Fantasy - Ben Fama (Ugly Duckling Presse)

Today's book of poetry:
Fantasy.  Ben Fama.  Ugly Duckling Presse.  Brooklyn, New York.  2015.


"Sunset", a four page prose poem, opens Fantasy by Ben Fama, and reading it is like the first time you do a drug that opens up new worlds.

Fama lets loose with one remarkably sustained howl at our current trajectory.

Fama literally bombards and overloads the senses in his run-on stream-of-brilliant-consciousness prose poems.

Then he inserts one of these little bon-bons:

Elle

i would
make out
with you
hold hands
smoke weed
etc

...

Ben Fama's sense of humour eats monsters for breakfast.  These poems feel as though they were written by a sky-diver in mid-fall/flight, a luge racer on LSD, the last bloody man standing.
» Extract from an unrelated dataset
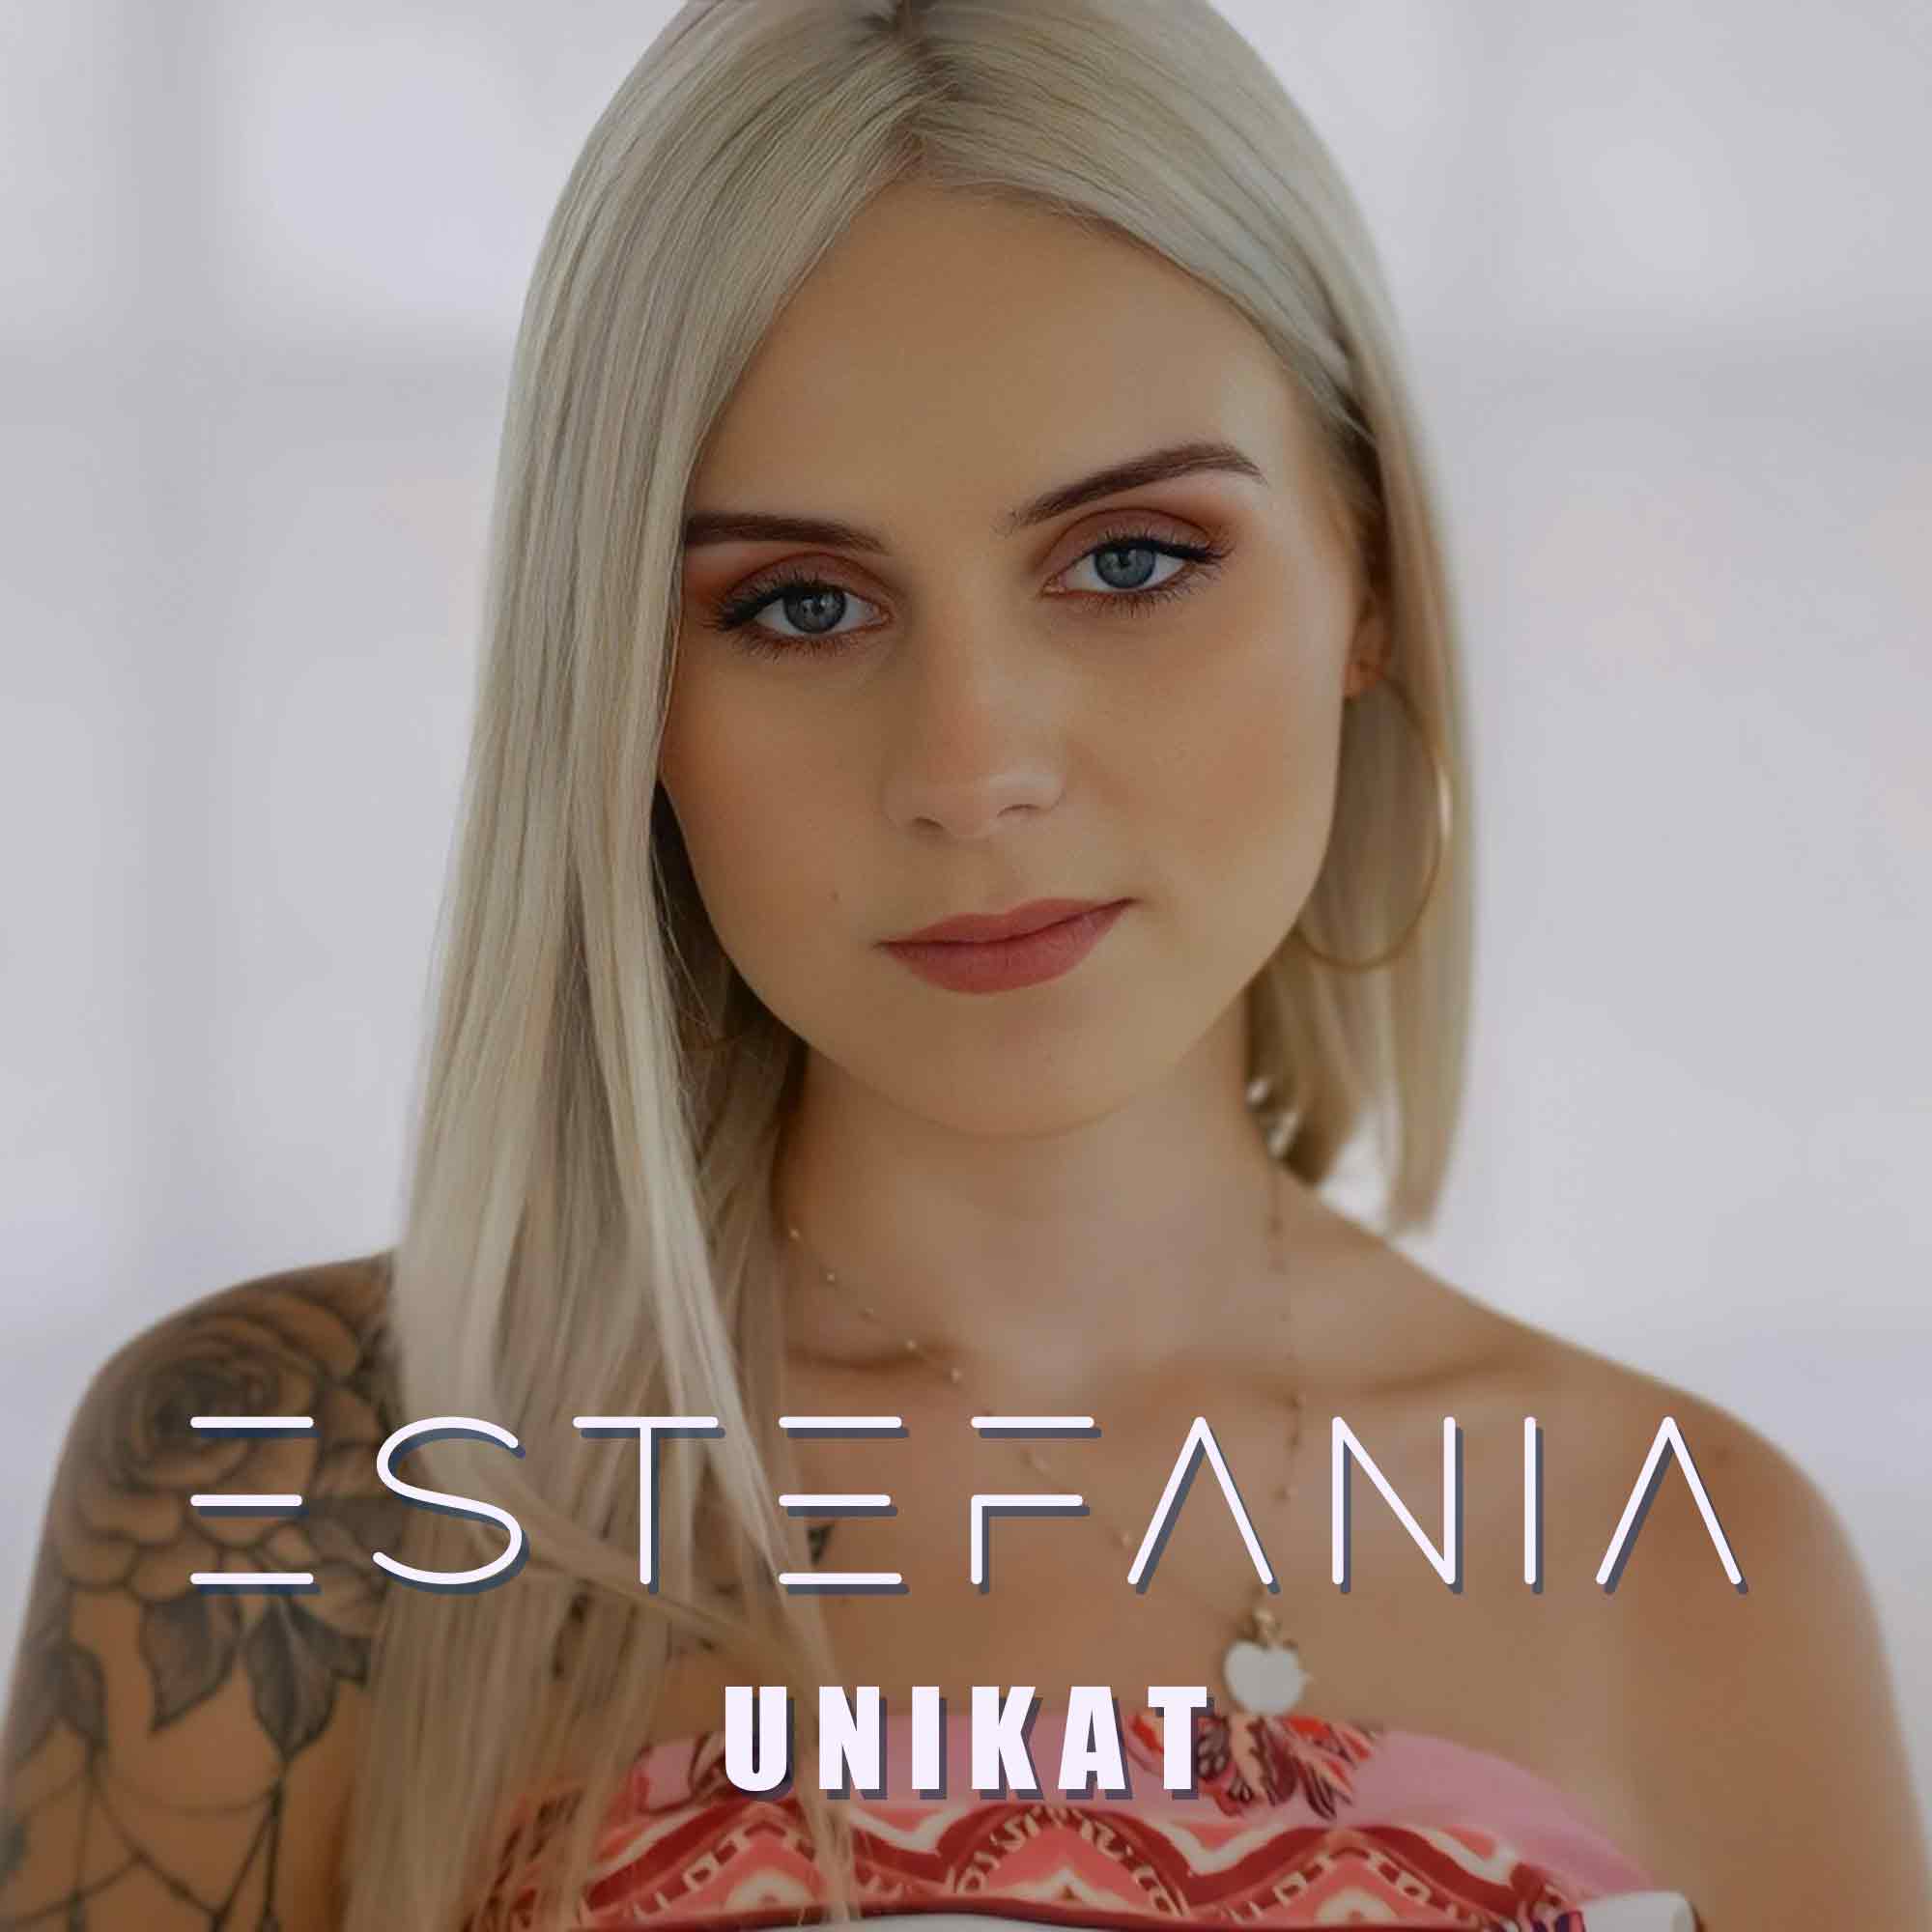 RTLZWEI-Estefania-Wollny-berzeugt-mit-ihrem-neuen-Song-Unikat-

Fama is not ahead of the curve, he is the curve, bending the world to his narrative with Hunter S. Thompson/Fran Lebowitz gusto and zeal.

These damn poems make you feel like you are inside the mind of a higher order of alien - processing everything current about the earth and doing it at inhuman speed.  It's a kaleidoscope that is ferociously entertaining.

Frank O'Hara

The only time I wish
other people heard my thoughts
is when I put your name
into youtube.com
right now I'm thinking
I wish you were still alive
so I could be your partner
whether in art or life
I'm not really sure
mostly life I think
but they say
life imitates art
so who knows

...

It is completely unfair of me to rant poetic about the longer poems of Ben Fama and then not include them.  They make up the biggest part of Fantasy, and they are as tasty as your favourite dessert.

The longer poems in Fantasy challenge inclusion in Today's book of poetry but they are splendid catalogues, social registers, stylish lists with a Jim Carroll New York cool and a Joyce Carol Oates smart.

We took turns reading the longer poems out loud here at the office.  The interns took turns.  There was howling laughter, much looking up references, copying down lines to repeat later and generally just causing a joyous ruckus.  All thumbs up for Ben Fama here.

Wayne Koestenbaum queries about Fantasy "how did Fama invent a tone so perfect and icy, so equal to our times?"  And he is exactly right.  How?

The Line of Beauty

I love summer, the luxury of poetry, gin
and tonic, quinine lost in juniper

...

These short poems are really a tease.  Ben Fama's Fantasy as a whole is a masterwork and perhaps a masterpiece, only time will tell.

Today's book of poetry always likes it when anyone gives a tip of hats, props, to Saint Margaret of Atwood, one of Canada's sacred treasures.  Fama does that.

Fama is firing on all cylinders in this fine, fine, fine book of poems.  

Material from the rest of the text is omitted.